Bochum. . Für Manche kommt der Ruhestand zu früh: Das gilt auch für Dr. Jasper, dienstältester Arbeitsgerichtsdirektor aus NRW. Nachdem er in den Ruhestand entlassen wurde, beginnt der 65-jährige Anfang März eine Ausbildung zum Tischler.

Sein altes Berufsleben endete am Mittwoch um 15 Uhr im Saal der IHK am Ostring. Sein neues Berufsleben beginnt am 10. März um 7.30 Uhr in der Holzwerkstatt der Kreishandwerkerschaft an der Springorum-allee. Aus dem dienstältesten Arbeitsgerichtsdirektor Nordrhein-Westfalens wird der wohl älteste Tischlerlehrling des Landes, sicher der einzige mit Doktortitel. Aus Dr. Jasper wird Azubi Franz-Josef.
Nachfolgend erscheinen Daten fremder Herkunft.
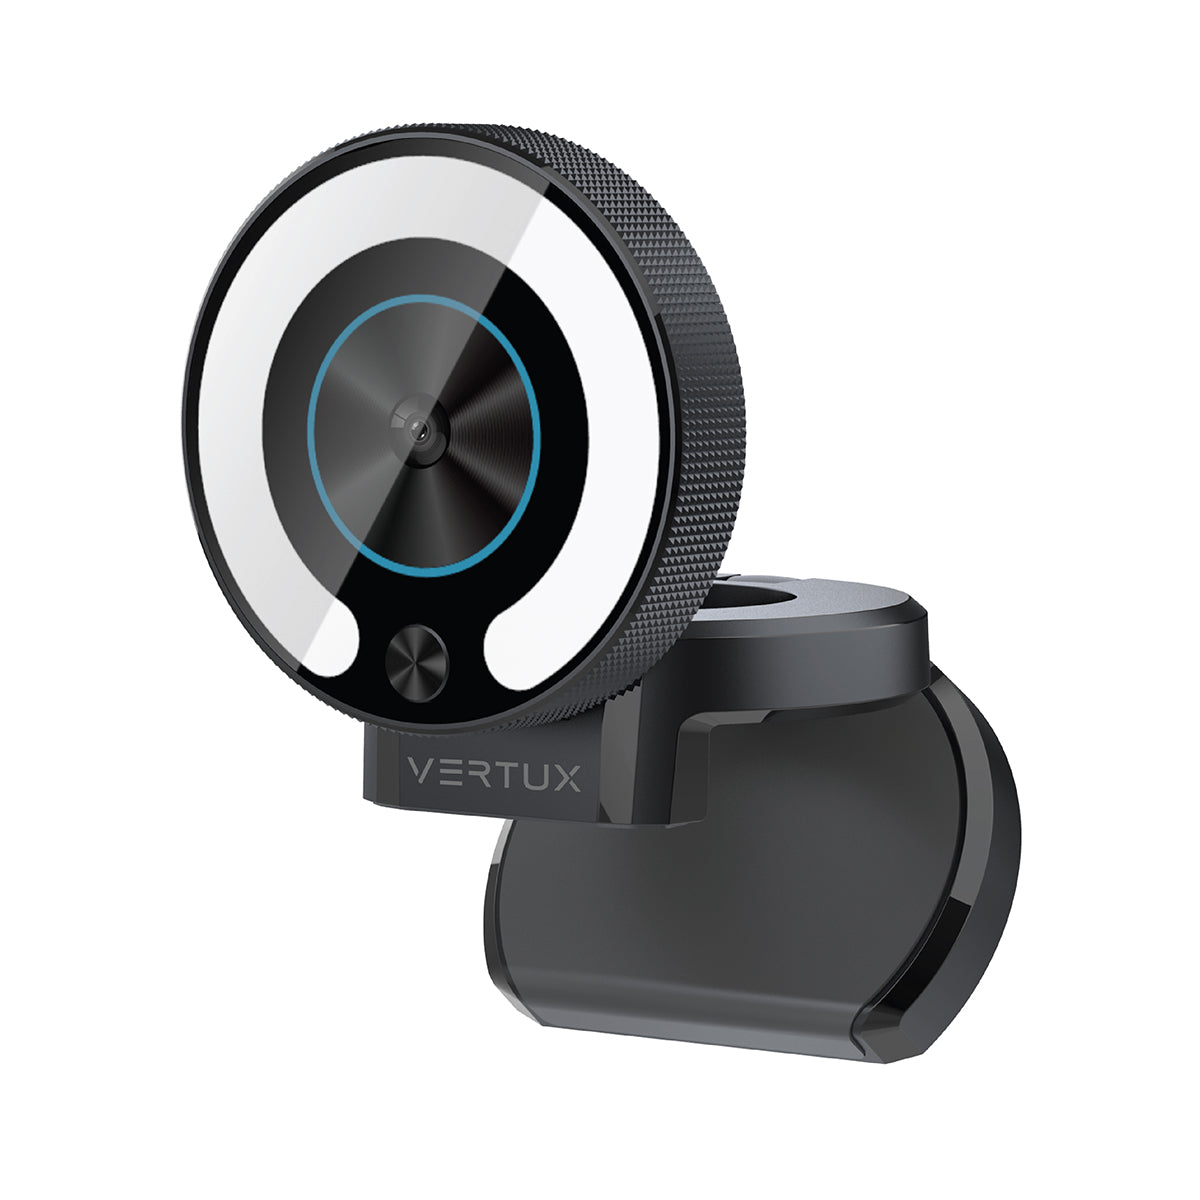 Ultimate Webcam for the Sharpest Clarity

Nach 22 Jahren als Chef des Bochumer Arbeitsgerichts wurde Dr. Jasper am Donnerstag im Rahmen eines Neujahrsempfangs in den Räumen der Industrie- und Handelskammer verabschiedet. Der Festakt war hochkarätig besetzt. Zahlreiche geladene Gäste, darunter die Präsidenten der umliegenden Arbeits- und Landgerichte, machten ihre Aufwartung - viele mit einem bewundernden Schmunzeln auf den Lippen: „Ich hab’ gehört, was Sie vorhaben. Großartig.“

Aus dem Hobby wird nun ein Vollzeitjob

„Ich hab’ auch schon das Wort ,verrückt’ vernommen. Egal. Ruhestand kann ich mir nicht vorstellen. Ich fühle mich so fit, dass ich aus meiner Passion jetzt eine Profession mache“, sagt der 65-Jährige.

Sein Großvater war Schreiner. Mit Holz arbeitet er seit Jahrzehnten gerne und regelmäßig. Daheim an der Wiemelhauser Straße hat er eine gut sortierte Werkstatt, in der er an etlichen Feierabenden an Säge und Hobel handwerklichen Ausgleich zu seinem aufreibenden Job als Richter fand. Aus dem Hobby wird nun ein Vollzeitjob: „Ich will’s nochmal wissen.“ Am besagten Märzmorgen tritt Dr. Jasper eine Tischler-Ausbildung an.

"Ich will so behandelt werden wie alle Azubis"

„Zwar läuft er ,on top’ mit. Das heißt: Er nimmt keinem jungen Berufsstarter eine Lehrstelle weg“, betont Johannes Motz, Geschäftsführer der Kreishandwerkerschaft Bo-chum. Ansonsten werde der „Holzwurm“ aber ein ganz normaler Azubi. Im ersten Lehrjahr gibt’s 450 Euro. In den ersten Monaten durchläuft er eine überbetriebliche Modul-Ausbildung bei der Kreishandwerkerschaft. Bis zum Sommer soll eine Schreinerei gefunden sein, in der der Oldie Betriebsluft schnuppert. Natürlich muss er die Berufsschule besuchen. Dr. Jasper ist’s recht: „Ich will keine Extrawurst, sondern so behandelt werden wie alle Azubis.“

Jährlich 3500 Verhandlungen hat der joviale Jurist mit seinen Kollegen am Marienplatz bewältigt. In Sachen Arbeitsrecht kann ihm niemand etwas vormachen. So wird er einen Vorteil zu nutzen wissen, der ihm die IHK-Ausbildungsordnung und sein Vorleben beschert: Die dreijährige Lehrzeit wird um ein halbes Jahr verkürzt. Immerhin hat Herr Doktor Abitur.